**About this exercise**
In the listing below, the lines from the first through the one with "Red Dead Redemption для PS4" are to be copied word for word.
== Segment start ==
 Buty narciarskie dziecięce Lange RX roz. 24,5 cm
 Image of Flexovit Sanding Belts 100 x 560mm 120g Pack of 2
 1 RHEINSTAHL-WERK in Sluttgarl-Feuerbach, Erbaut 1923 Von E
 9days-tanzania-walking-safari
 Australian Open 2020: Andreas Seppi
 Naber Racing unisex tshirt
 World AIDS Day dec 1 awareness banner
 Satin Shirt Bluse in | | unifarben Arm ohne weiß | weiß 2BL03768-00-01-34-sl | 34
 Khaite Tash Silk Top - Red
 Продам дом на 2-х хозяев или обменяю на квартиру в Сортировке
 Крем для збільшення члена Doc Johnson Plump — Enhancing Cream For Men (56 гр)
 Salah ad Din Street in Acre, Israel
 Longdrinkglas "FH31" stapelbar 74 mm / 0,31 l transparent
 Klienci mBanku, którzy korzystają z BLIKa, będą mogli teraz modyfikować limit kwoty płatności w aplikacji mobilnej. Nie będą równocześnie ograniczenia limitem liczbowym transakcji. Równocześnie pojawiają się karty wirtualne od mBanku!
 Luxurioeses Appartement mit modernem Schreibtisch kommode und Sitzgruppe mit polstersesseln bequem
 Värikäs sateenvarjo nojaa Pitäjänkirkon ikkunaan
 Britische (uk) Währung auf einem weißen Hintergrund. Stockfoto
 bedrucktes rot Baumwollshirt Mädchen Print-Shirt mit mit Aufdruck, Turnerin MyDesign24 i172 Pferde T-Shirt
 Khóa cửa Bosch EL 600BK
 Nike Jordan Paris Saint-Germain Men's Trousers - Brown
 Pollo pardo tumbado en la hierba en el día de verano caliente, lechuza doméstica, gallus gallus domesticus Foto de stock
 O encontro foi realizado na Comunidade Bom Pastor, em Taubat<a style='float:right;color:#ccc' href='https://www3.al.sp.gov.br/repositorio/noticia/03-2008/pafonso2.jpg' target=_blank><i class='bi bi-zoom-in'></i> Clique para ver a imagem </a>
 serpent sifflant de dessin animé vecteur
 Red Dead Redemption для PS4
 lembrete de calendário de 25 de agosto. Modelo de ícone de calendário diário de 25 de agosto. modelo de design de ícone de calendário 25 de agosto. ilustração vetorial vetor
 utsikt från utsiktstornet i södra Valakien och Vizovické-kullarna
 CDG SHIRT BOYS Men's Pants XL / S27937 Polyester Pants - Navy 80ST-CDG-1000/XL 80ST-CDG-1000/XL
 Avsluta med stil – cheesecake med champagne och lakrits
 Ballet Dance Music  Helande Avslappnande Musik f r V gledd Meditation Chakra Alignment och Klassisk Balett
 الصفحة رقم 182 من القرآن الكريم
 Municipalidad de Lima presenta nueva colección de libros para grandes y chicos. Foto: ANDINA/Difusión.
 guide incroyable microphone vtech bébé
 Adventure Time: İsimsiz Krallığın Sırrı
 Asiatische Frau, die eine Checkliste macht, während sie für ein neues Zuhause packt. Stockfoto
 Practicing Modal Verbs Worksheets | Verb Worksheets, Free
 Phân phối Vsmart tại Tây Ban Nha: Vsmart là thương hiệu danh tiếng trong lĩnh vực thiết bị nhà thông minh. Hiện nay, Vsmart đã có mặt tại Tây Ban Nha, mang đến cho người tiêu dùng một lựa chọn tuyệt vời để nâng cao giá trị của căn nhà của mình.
== Segment end ==
**Answer**
 Buty narciarskie dziecięce Lange RX roz. 24,5 cm
 Image of Flexovit Sanding Belts 100 x 560mm 120g Pack of 2
 1 RHEINSTAHL-WERK in Sluttgarl-Feuerbach, Erbaut 1923 Von E
 9days-tanzania-walking-safari
 Australian Open 2020: Andreas Seppi
 Naber Racing unisex tshirt
 World AIDS Day dec 1 awareness banner
 Satin Shirt Bluse in | | unifarben Arm ohne weiß | weiß 2BL03768-00-01-34-sl | 34
 Khaite Tash Silk Top - Red
 Продам дом на 2-х хозяев или обменяю на квартиру в Сортировке
 Крем для збільшення члена Doc Johnson Plump — Enhancing Cream For Men (56 гр)
 Salah ad Din Street in Acre, Israel
 Longdrinkglas "FH31" stapelbar 74 mm / 0,31 l transparent
 Klienci mBanku, którzy korzystają z BLIKa, będą mogli teraz modyfikować limit kwoty płatności w aplikacji mobilnej. Nie będą równocześnie ograniczenia limitem liczbowym transakcji. Równocześnie pojawiają się karty wirtualne od mBanku!
 Luxurioeses Appartement mit modernem Schreibtisch kommode und Sitzgruppe mit polstersesseln bequem
 Värikäs sateenvarjo nojaa Pitäjänkirkon ikkunaan
 Britische (uk) Währung auf einem weißen Hintergrund. Stockfoto
 bedrucktes rot Baumwollshirt Mädchen Print-Shirt mit mit Aufdruck, Turnerin MyDesign24 i172 Pferde T-Shirt
 Khóa cửa Bosch EL 600BK
 Nike Jordan Paris Saint-Germain Men's Trousers - Brown
 Pollo pardo tumbado en la hierba en el día de verano caliente, lechuza doméstica, gallus gallus domesticus Foto de stock
 O encontro foi realizado na Comunidade Bom Pastor, em Taubat<a style='float:right;color:#ccc' href='https://www3.al.sp.gov.br/repositorio/noticia/03-2008/pafonso2.jpg' target=_blank><i class='bi bi-zoom-in'></i> Clique para ver a imagem </a>
 serpent sifflant de dessin animé vecteur
 Red Dead Redemption для PS4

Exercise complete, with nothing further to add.